Does diabetes impact spine surgery reoperation rate? 5 things to know

Written by Laura Dyrda | January 29, 2015 | Print  |

Do patients with diabetes have a higher reoperation rate after lumbar spine surgery?

A study published in The Spine Journal examined how patients with diabetes compare to patients without diabetes. There were 34,918 patients included in the study. Their information was identified in a national health insurance database and patients either underwent second lumbar surgery after fusion surgery or decompression at various points postoperatively.


Here are five findings from the study:


1. There were 24.5 percent of the patients undergoing spinal fusions who had diabetes. Around 17 percent in the decompression group had diabetes.

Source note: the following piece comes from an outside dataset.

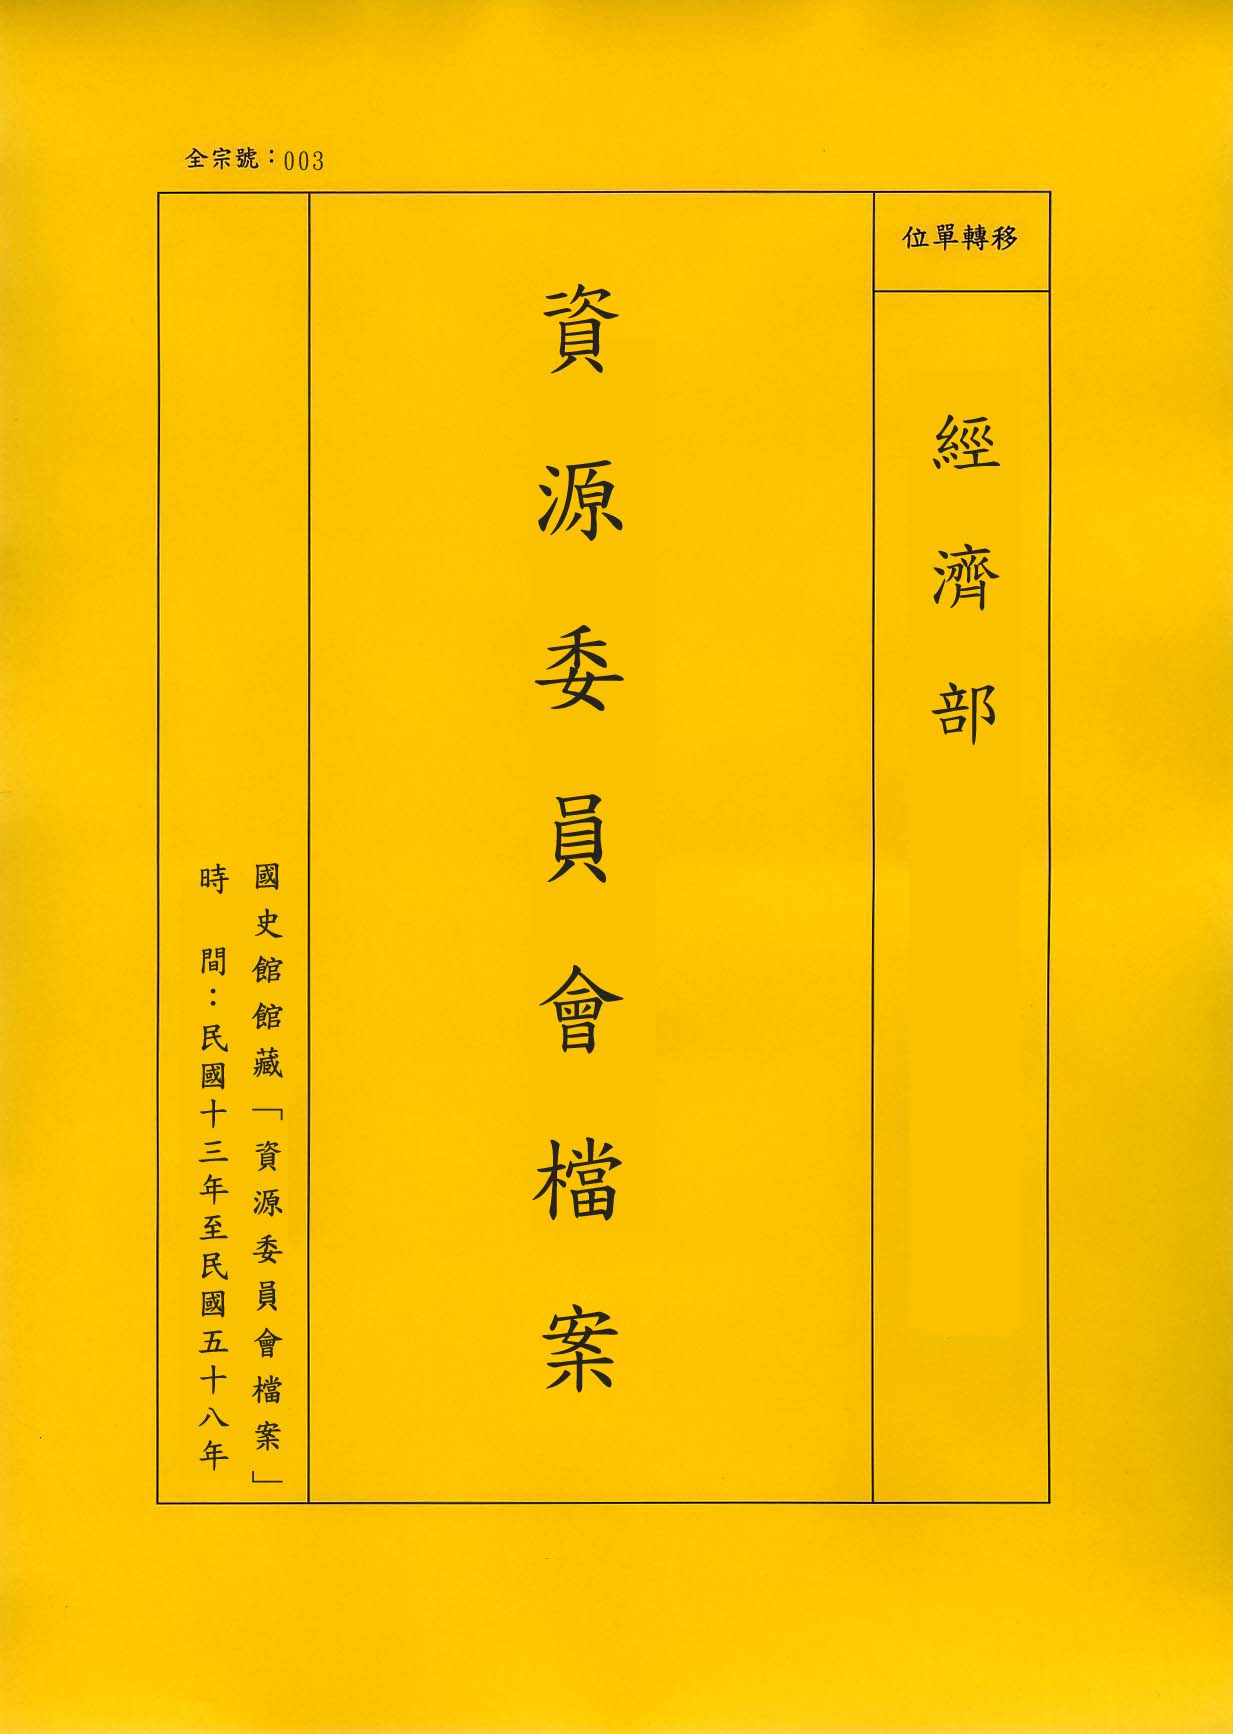 卷名:整理漂漿工廠調查表─上海(三)(003-010306-0180)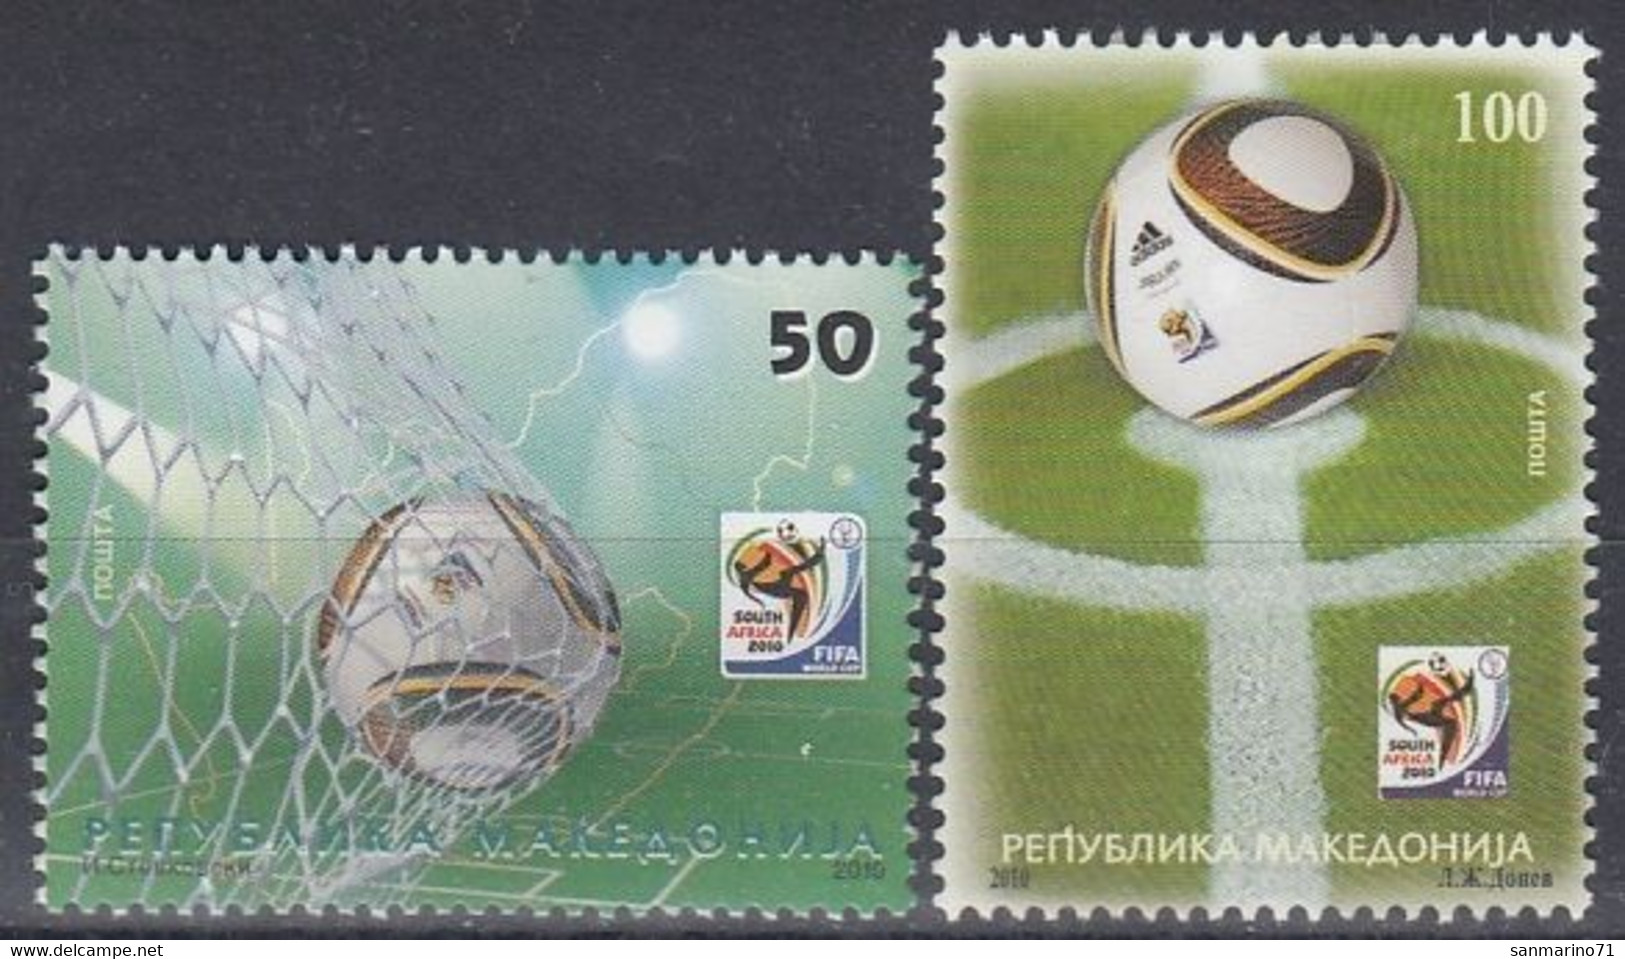 MACEDONIA 554-555,unused,football - 2010 – South Africa

2. Overall, 13.2 percent of the patients underwent reoperation after fusion surgery. There were 14 percent of the patients who had reoperations at some point after decompression surgery.


3. Diabetes did not make a significant impact on reoperation rate for patients who underwent the fusion procedures during the entire follow-up period — six years.


4. The reoperation rate for patients undergoing decompression surgery was relatively similar during the first three months for patients with and without diabetes. However, between three months and five years postoperatively, the reoperation rate was 1.2 to 1.4 times higher for patients with diabetes.


5. The researchers concluded the study didn't find a relationship between diabetes at the time of surgery and reoperation rate in the early postoperative period. "Thereafter, the reoperation rate was not higher after fusion surgery in diabetic patients, but it was higher after decompression surgery," they concluded.